Friday, August 28, 2020

Book Review: Pilgrimage

Book Review: 'Pilgrimage' by Drew Mendelson

3 / 5 Stars

‘Pilgrimage’ (220 pp.) is DAW Book No. UE1612, and was published in April, 1981. The cover illustration is by John Pound. This was the first novel from author Mendelson (b. 1945), who also published several short stories in sci-fi anthologies and digests in the 1970s. His only other sci-fi novel is the self-published 2018 title ‘Dark Sea Rising’.

'Pilgrimage' is one of those DAW Books that I frequently saw on used bookstore shelves back when I began this blog in 2008...........I picked up a copy that year, but I haven't gotten around to reading it until now.

So:

On a far-future Earth, the City is three miles high and forty miles in circumference; its 25 million residents live among its 113 tiers. The City is constantly moving forward by virtue of the fact that now-ancient machinery, operated by the Structor caste, is dismantling the mass of the metropolis’s Tailend and shuttling it forward to the Frontend, where new tiers are being erected to house those displaced from Tailend. 

The residents of the City have become so conditioned to generations of life indoors that they are not only physically small, but have no concept of the World outside the confines of their giant metropolis. Simply traveling from one tier to another is a days-long journey using the back-alley stairways and passages festooned throughout the City, unless one can talk their way onto the increasingly frail and over-used elevators……..

But as ‘Pilgrimage’ opens, change is coming to the City. For Brann Adelbran, a teenage boy and Tailend resident, it means that his entire tier will have to make the epochal Pilgrimage to Frontend. However, Bran’s grandmother Ebar has been filling his head with stories about the entirety of the City, its inhabitants, and the World outside.
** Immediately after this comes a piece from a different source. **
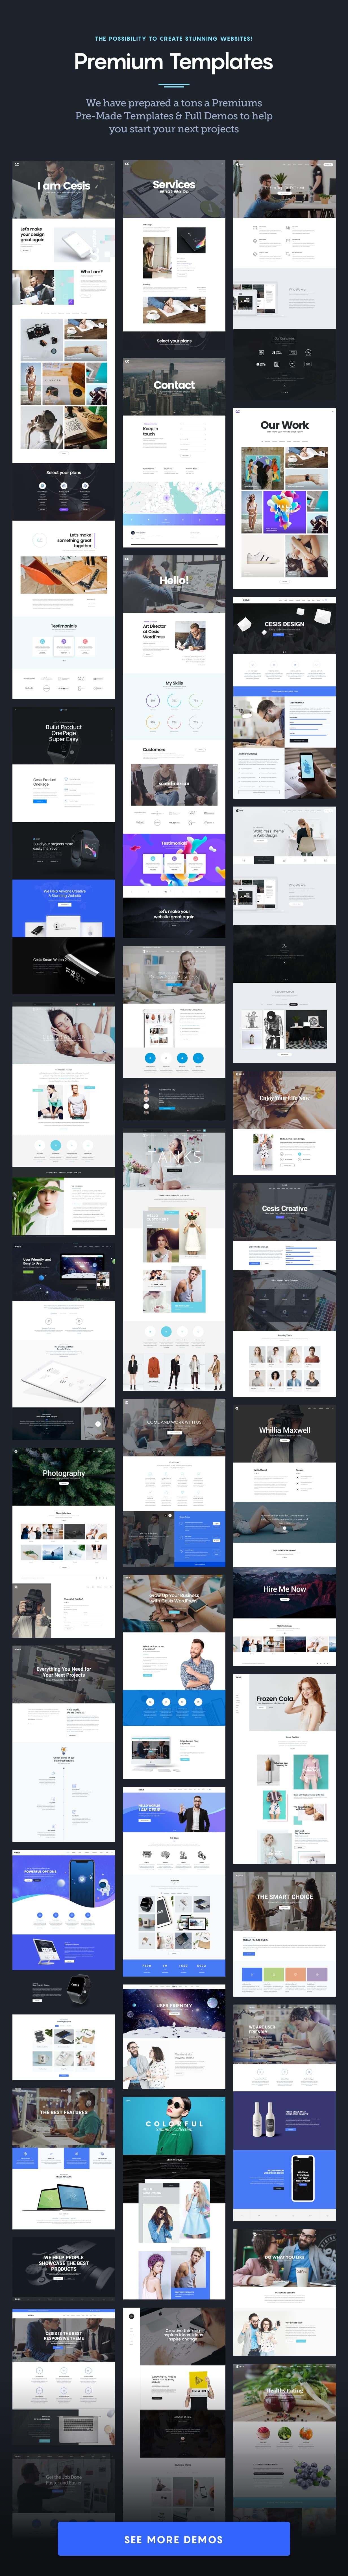 Cesis WordPress - 200+ Pre-made Templates & Demos

These stories suddenly become something more than idle entertainment when strange tremors shake the City, breaking conduits and passages, sending floors crashing down atop one another, triggering fear and apprehension among the residents of the tier. 

Accompanied by his girlfriend Liza and his friend Halsam, Brann decides to forego the Pilgrimage, and sets out on a quest to find the Post Guild, who have free rein to travel throughout the metropolis and are best equipped to understand what is causing the disruption to the City’s structure.

As they trek through the labyrinths of the City, their journey will expose Bran and his companions to strange peoples and places……….and a final revelation about the fate of the structure that all of mankind calls Home………..

‘Pilgrimage’ is a three-star sci-fi adventure novel. It gets its world-building and its characters right, but the middle chapters tend to drag a bit as our heroes wander from one locale to another, expanding their knowledge and awareness with each encounter, but never really coming into sufficient danger to lend much intensity to the narrative. 

A chapter that involves some highly mutated City dwellers with telepathic capabilities seems too contrived to be convincing, as does the prominent role played by a ‘magic’ jewel that is inert most of the time, but conveniently flares into action when our heroes find themselves in dire straits. 

The verdict ? ‘Pilgrimage’ is another of those DAW novels from the early 80s (and the novels of Edward Llewellyn, such as ‘The Douglas Convolution’ come to mind) that doesn’t transform the sci-fi genre, but fits comfortably within it.